Folgers and other brands of coffee have faced various lawsuits recently alleging that it is impossible to get the full number of cups of coffee promised on each canister. Now the lawyers may have a real field day because Folgers has dramatically dropped the number of ounces on some its canisters but kept the number of cups that each will yield the same.
*MOUSE PRINT:

Each 51-ounce canister lost 7.5 ounces, bringing the size down to just 43.5 ounces, but you still supposedly get 400 cups. When asked on Twitter about this, the company explained the change:
We have employed a new, roasting technology that makes the most out of every bean — resulting in lighter-weight coffee grounds that deliver the same taste you love across the same number of brewed cups.
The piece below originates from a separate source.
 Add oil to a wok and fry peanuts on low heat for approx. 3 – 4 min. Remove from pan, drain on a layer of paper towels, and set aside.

Through the use of this new roasting process, we’re able to get more coffee flavor from each bean while providing the same amount of coffee servings. The total weight of our coffee products will be reduced, but the amount of coffee you receive, by way of total servings, will remain the exact same. Hope this clears up any confusion.
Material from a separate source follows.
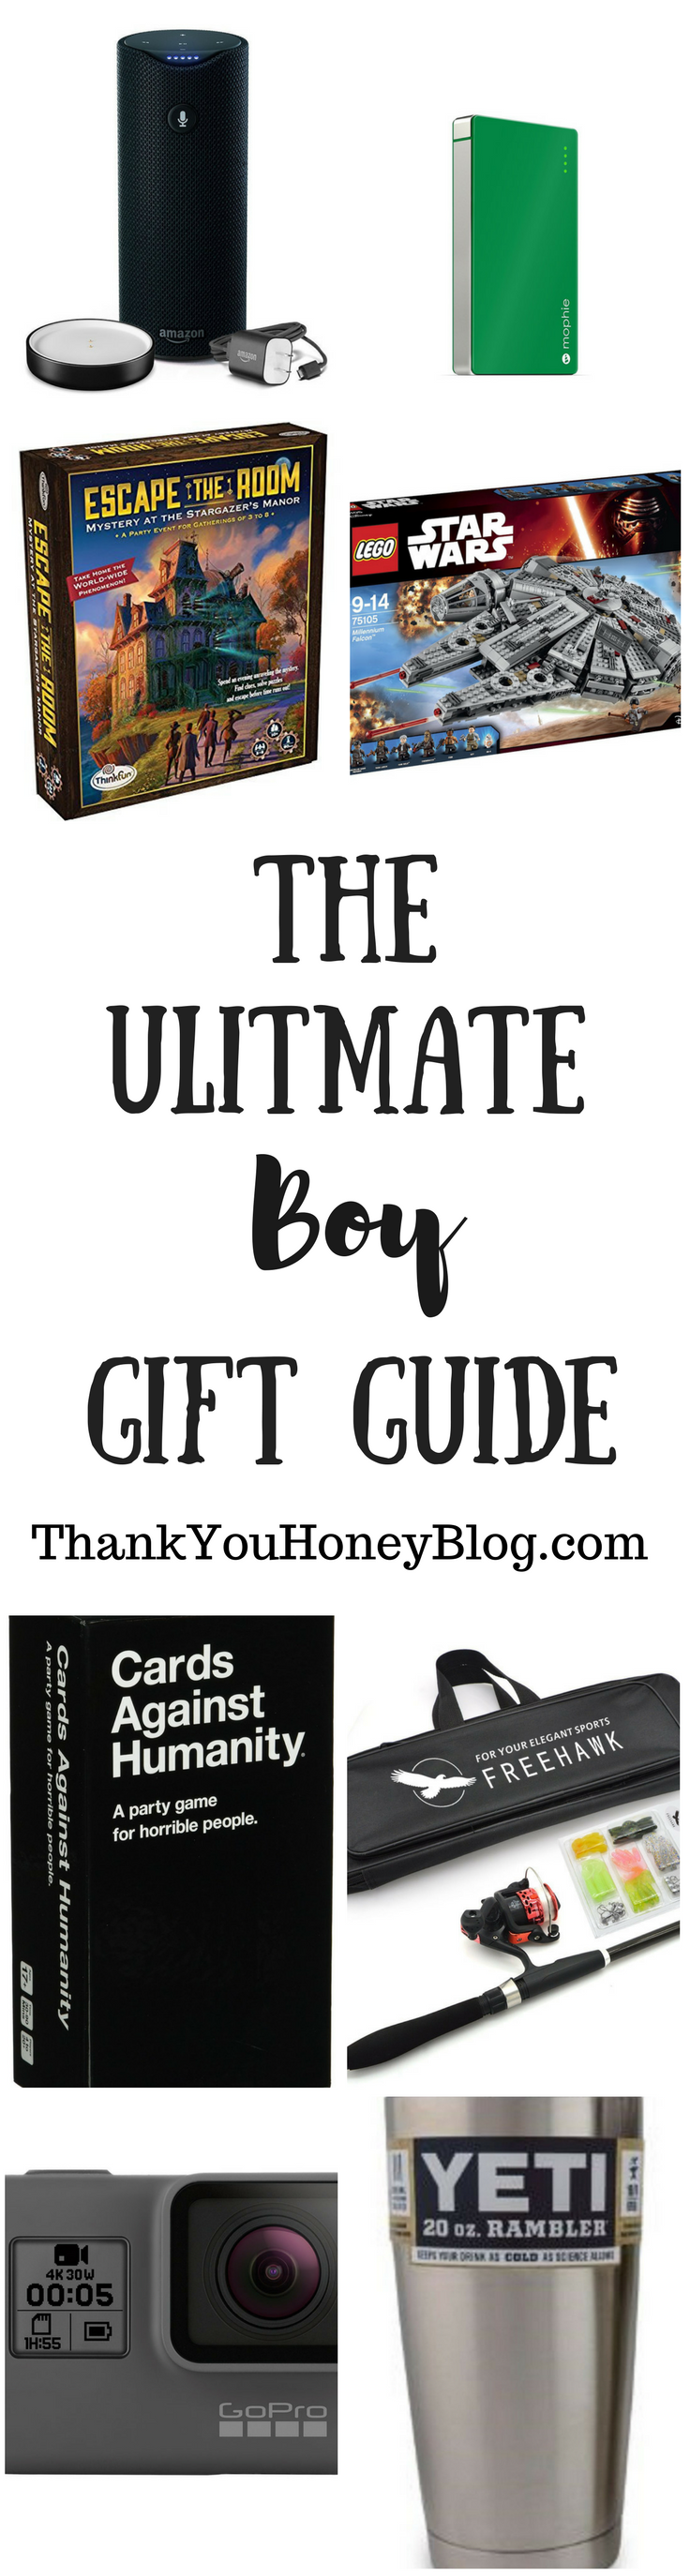 The Ultimate Boy Gift Guide

This reminds MrConsumer of a similar response P&G made perhaps 35 years ago about their flaked coffee. They said they had fluffed up the beans so much, exposing more surfaces of the grounds, that they could no longer fit 16 ounces in the can. But, it would still make as many cups as the original.

Other Folgers coffee containers, old and new, spotted on retailers’ websites recently are real head-scratchers too:

It is not the new math. The middle container was subject to the new bean processing technology.
Note: Packages are displayed only to show numerical changes in net contents. Physical package dimensions may or may not be to scale.